2. The device for observing the accumulated water level in the goaf of the coal mine according to claim 1, wherein the device comprises: the lifting assembly comprises a gear (5), the left end fixedly connected with gear (5) of bull stick (4), first movable groove (6) have been seted up to the lower extreme of operating groove (2), vertically be provided with first spring (7) in first movable groove (6), spout (8) have been seted up to the left and right sides in first movable groove (6), sliding connection has slider (9) in spout (8), two sets of inside fixedly connected with rack (10) of slider (9), the upper end fixedly connected with fixed block (11) of rack (10).

3. The device for observing the accumulated water level in the goaf of the coal mine according to claim 2, wherein the device comprises: the tooth groove of the gear (5) is matched with the tooth of the rack (10), and the tooth groove of the rack (10) is matched with the tooth of the gear (5).

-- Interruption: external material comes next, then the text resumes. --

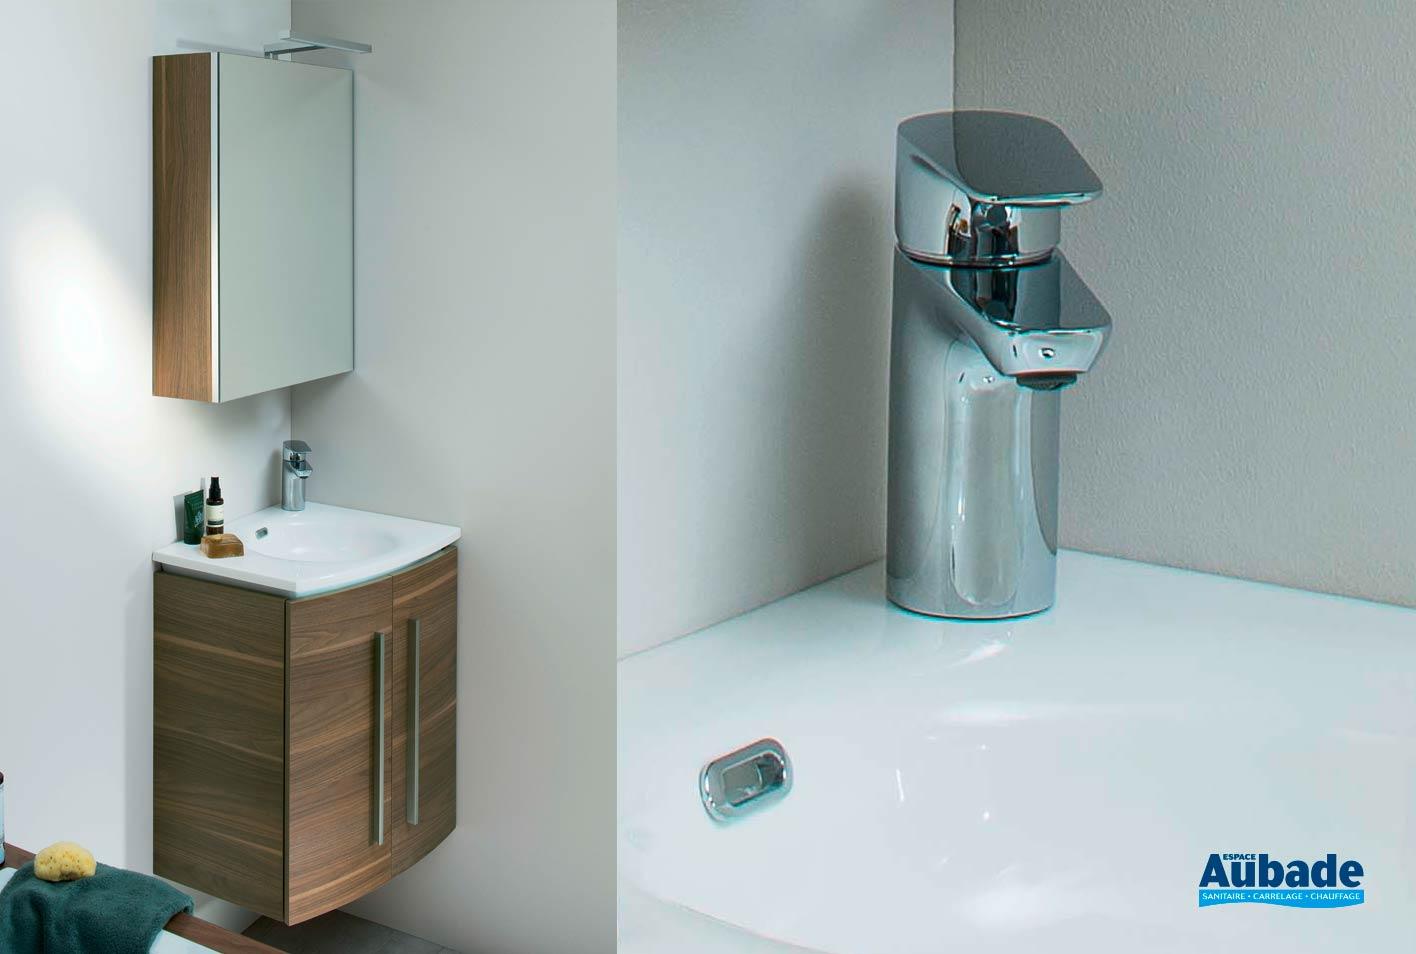 Salle De Bain Halo meuble salle de bain soon de sanijura | espace aubade
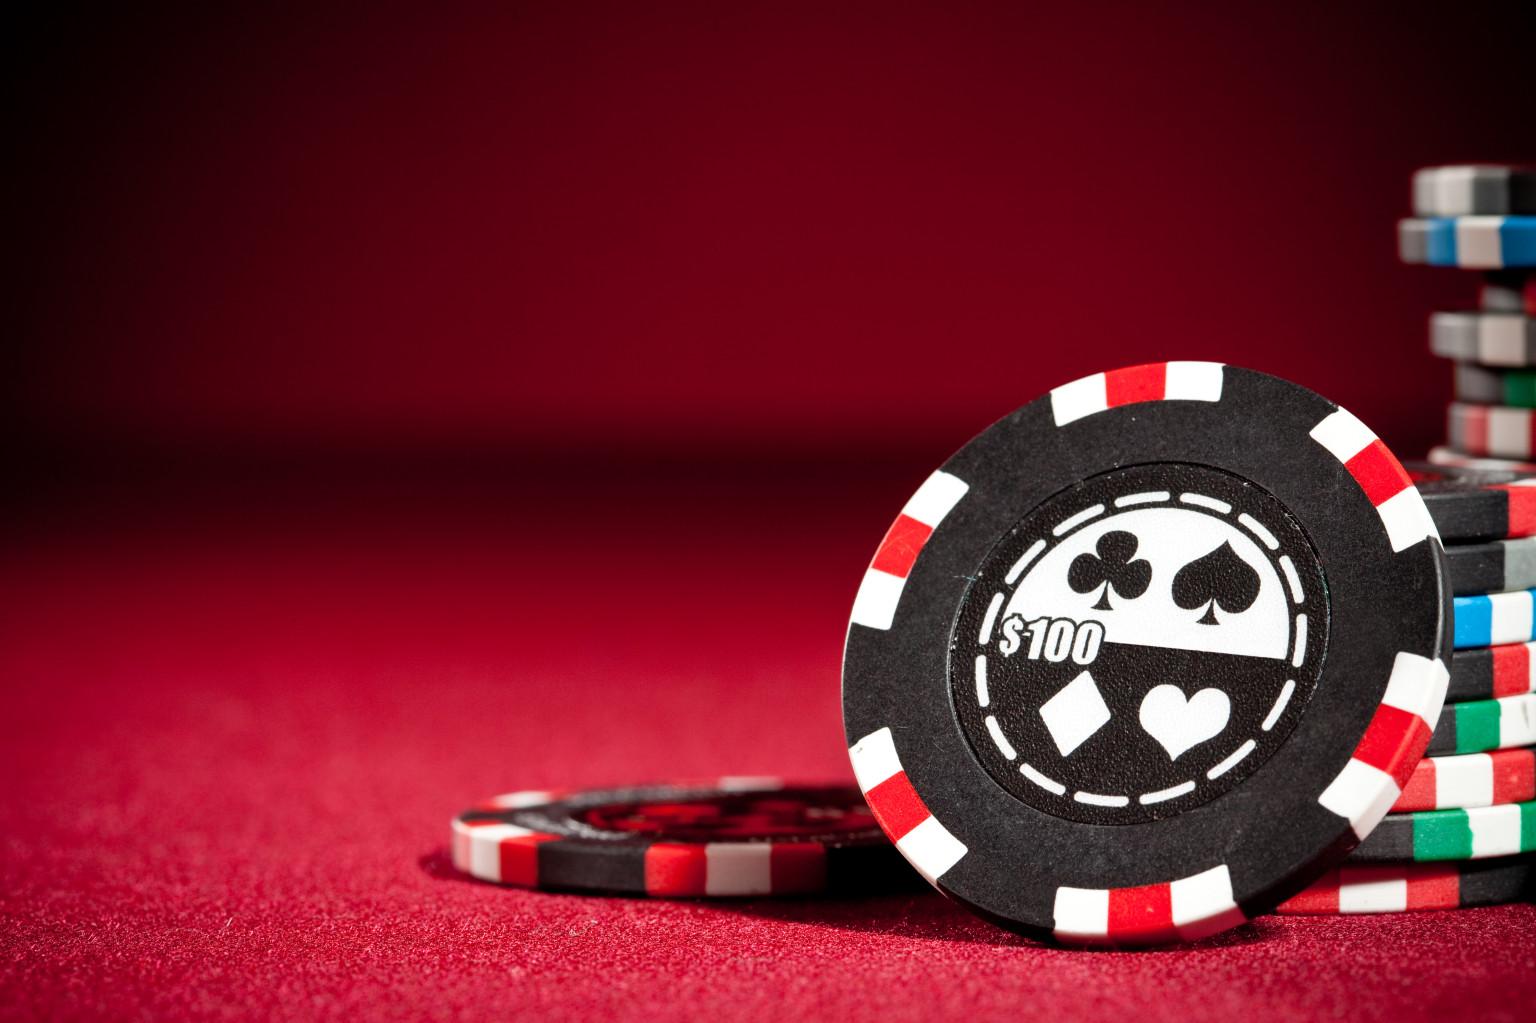 Casino français en ligne : quel est le jeu qui rapporte le plus ?

4. The device for observing the accumulated water level in the goaf of the coal mine according to claim 2, wherein the device comprises: the inner diameter of the sliding groove (8) is matched with the outer diameter of the sliding block (9), and the cross section of the sliding groove (8) sliding into the sliding block (9) is T-shaped.

5. The device for observing the accumulated water level in the goaf of the coal mine according to claim 2, wherein the device comprises: the limiting assembly comprises a fixed block (11), a second motor (12) is arranged at the upper end of the right side of the operating groove (2), a loop bar (13) is fixedly connected to the left end of the second motor (12), and limiting grooves (14) are formed in the loop bar (13) in an array mode.

6. The device for observing the accumulated water level in the goaf of the coal mine according to claim 5, wherein the device comprises: the telescopic assembly comprises a loop bar (13), a plug bar (15) is movably inserted into the left end of the loop bar (13), a second movable groove (16) is formed in the loop bar (13), a second spring (17) is longitudinally arranged in the second movable groove (16), a limiting block (18) is fixedly connected to the lower end of the second spring (17), a pull rod (19) is fixedly connected to the upper end of the limiting block (18), and a limiting hole (20) is formed in the plug bar (15).

7. The device for observing the accumulated water level in the goaf of the coal mine according to claim 6, wherein: the outer diameter of the limiting block (18) is matched with the inner diameter of the limiting hole (20), and a plurality of groups of limiting holes (20) are formed in an equidistant mode.